Due to all the changes that have taken place in our country in the last two decades, and the evident contradictions between the traditional definition of socialism and the current situation, we must ask ourselves: What does the current Cuban government mean by “socialism”? It is important to remember that it is this core concept of the Constitution in force since 2002.

The Constitution of the Republic of Cuba [2] states:

ARTICLE 14. In the Republic of Cuba rules the socialist system of economy based on the people’s socialist ownership of the fundamental means of production and on the abolition of the exploitation of man by man.

In Cuba also rules the principle of socialist distribution of “from each according to his capacity, to each according to his work.” The law establishes the provisions which guarantee the effective fulfillment of this principle.

ARTICLE 15. Socialist state property, which is the property of the entire people, comprises:

a) the lands that do not belong to small farmers or to cooperatives formed by them, the subsoil, mines, mineral, plant and animal resources in the Republic’s maritime economic area, forests, waters and means of communications;

b) the sugar mills, factories, chief means of transportation and all those enterprises, banks and facilities that have been nationalized and expropriated from the imperialist, landholders and bourgeoisie, as well as the factories, enterprises and economic facilities and scientific, social, cultural and sports centers built, fostered or purchased by the state and those to be built, fostered or purchased by the state in the future.

Property ownership may not be transferred to natural persons or legal entities, save for exceptional cases in which the partial or total transfer of an economic objective is carried out for the development of the country and does not affect the political, social and economic foundations of the state, prior to approval by the Council of Ministers or its Executive Committee.

The transfer of other property rights to state enterprises and other entities authorized to fulfill this objective will be prescribed by law.

ARTICLE 24. The state recognizes the right of citizens to inherit legal title to a place of residence and to other personal goods and chattels.

The land and other goods linked to production in the small farmers’ property may be inherited by and only be awarded to those heirs who work the land, save exceptions and as prescribed by law.

The law prescribes the cases, conditions and ways under which the goods of cooperative ownership may by inheritance.

ARTICLE 25. The expropriation of property for reasons of public benefit or social interest and with due compensation is authorized. The law establishes the method for the expropriation and the bases on which the need for and usefulness of this action is to be determined, as well as the form of compensation, taking into account the interest and the economic and social needs of the person whose property has been expropriated.

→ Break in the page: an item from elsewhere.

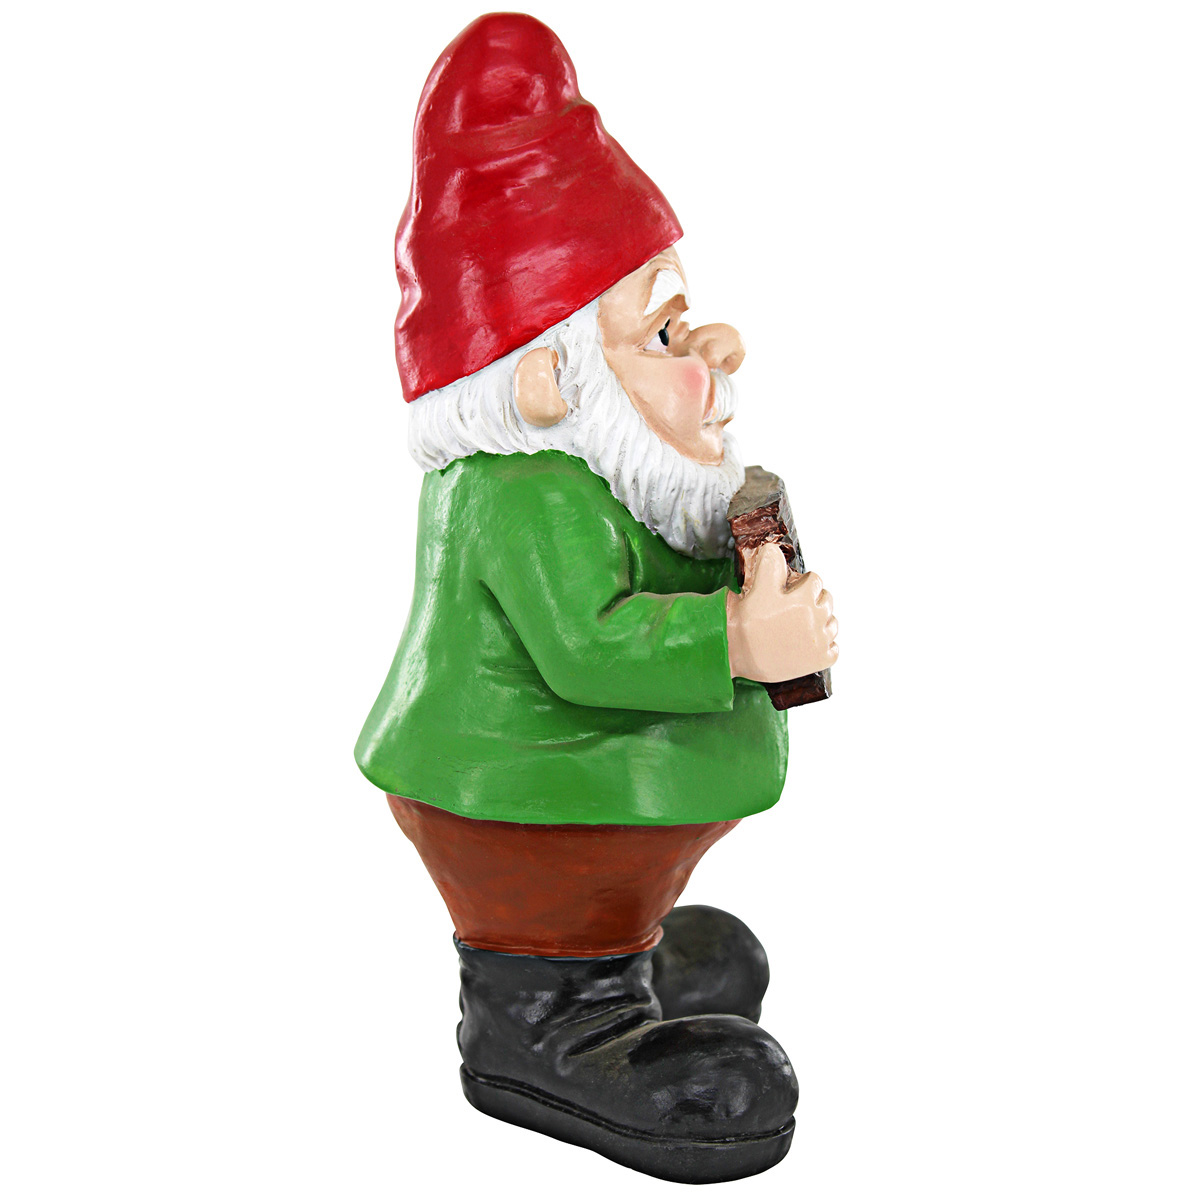 Picture 4 for Mr Bad Attitude "Go Away" Gnome Statue

In the Guidelines [3], the issue of private enterprise and properties is addressed as follows:

General Guidelines section

  1. The socialist planning system will continue to be the main national management tool of the national economy. Its methodology and organization and control must be modified.  Economic planning will influence on the market and take into account its characteristics.
  2. The management model recognizes and encourages socialist State-owned companies – the main national economic modality – as well as the foreign investment forms described in the law (e.g., joint ventures and international association contracts), cooperatives, small farming, usufruct, franchisement, self-employment and other economic forms that may altogether contribute to increased efficiency.
  3. In the forms of non-State management, the concentration of property in the hands of any natural or legal person shall not be allowed.

Section on Cooperatives

25.   Grade 1 cooperatives shall be established as a socialist form of joint ownership in various sectors.  A cooperative is a business organization that owns its estate and represents a distinct legal person.  Its members are individuals who contribute assets or labor and its purpose is to supply useful goods and services to society and its costs are covered with its own income.

26.   The legal instrument that regulates the cooperatives must make sure that this organization, as form of social property, is not sold or otherwise assigned in ownership to any other cooperative or any non-State organization or any natural person.

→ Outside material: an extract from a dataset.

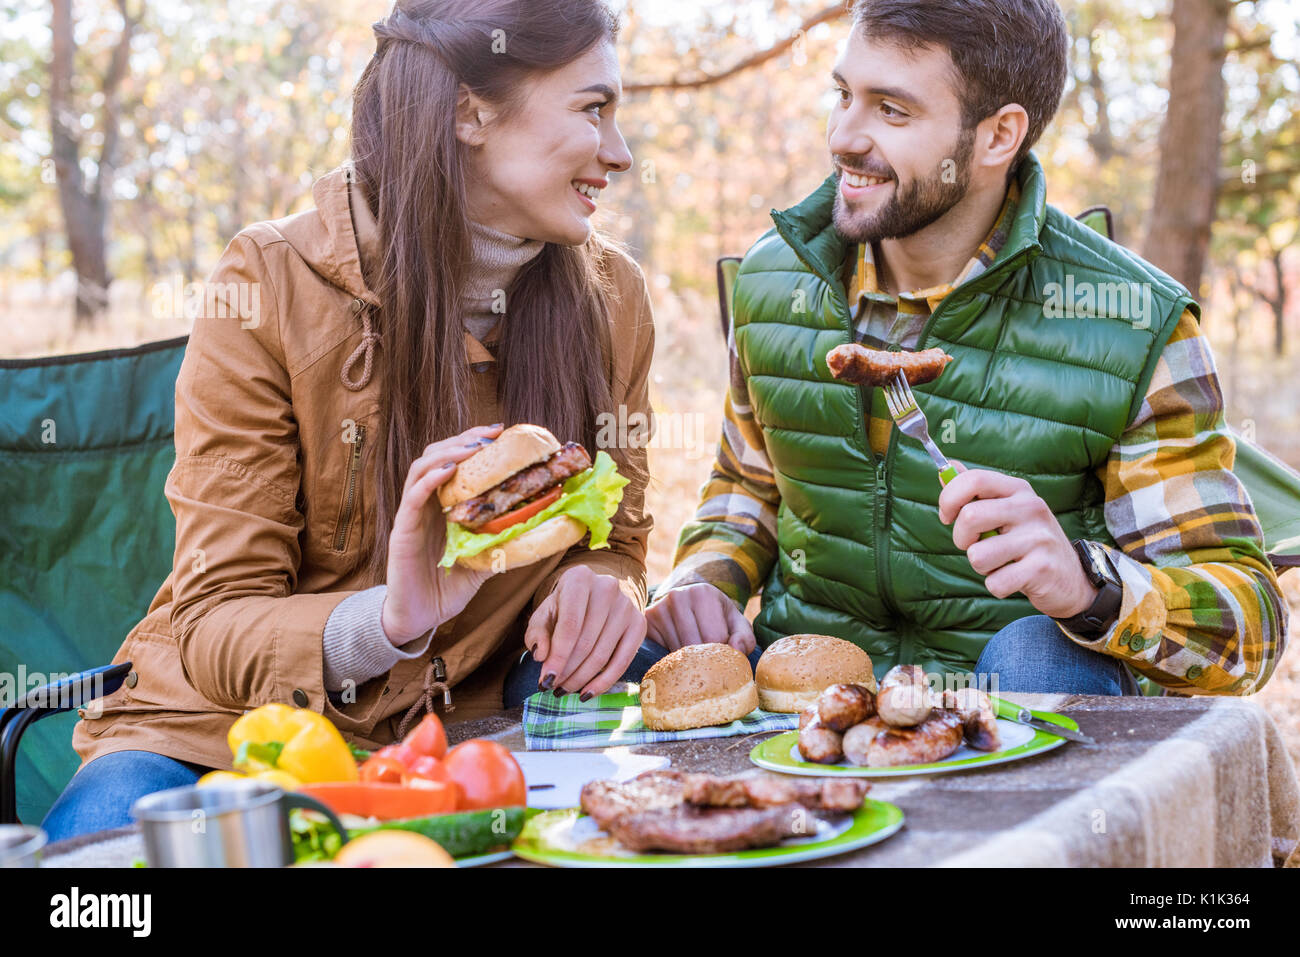 Close-up ritratto di sorridenti coppia giovane seduto a tavola e mangiare il picnic nella foresta di autunno Foto Stock

27.   A cooperative maintains contractual relations with other cooperatives, companies, State-funded entities and other non-State organizations.  After satisfying its commitment with the State, the cooperative may pursue sales operations free from intermediaries and in accordance with the business activity it is authorized to perform.

28.   Subject to compliance with the appropriate laws and after observance of its tax and contribution obligations, each cooperative determines the income payable to its employees and the distribution of its profits.

29.   Grade 2 cooperatives shall be formed and the partners of which shall be Grade 1 cooperatives.  A Grade 2 Cooperative shall represent a separate legal person that owns assets.  The purpose of this cooperative is to pursue supplementary related activities or conduct operations that add value to the goods and services of its partners (such as production, service and marketing operations) or carry out joint sales and purchases for greater efficiency.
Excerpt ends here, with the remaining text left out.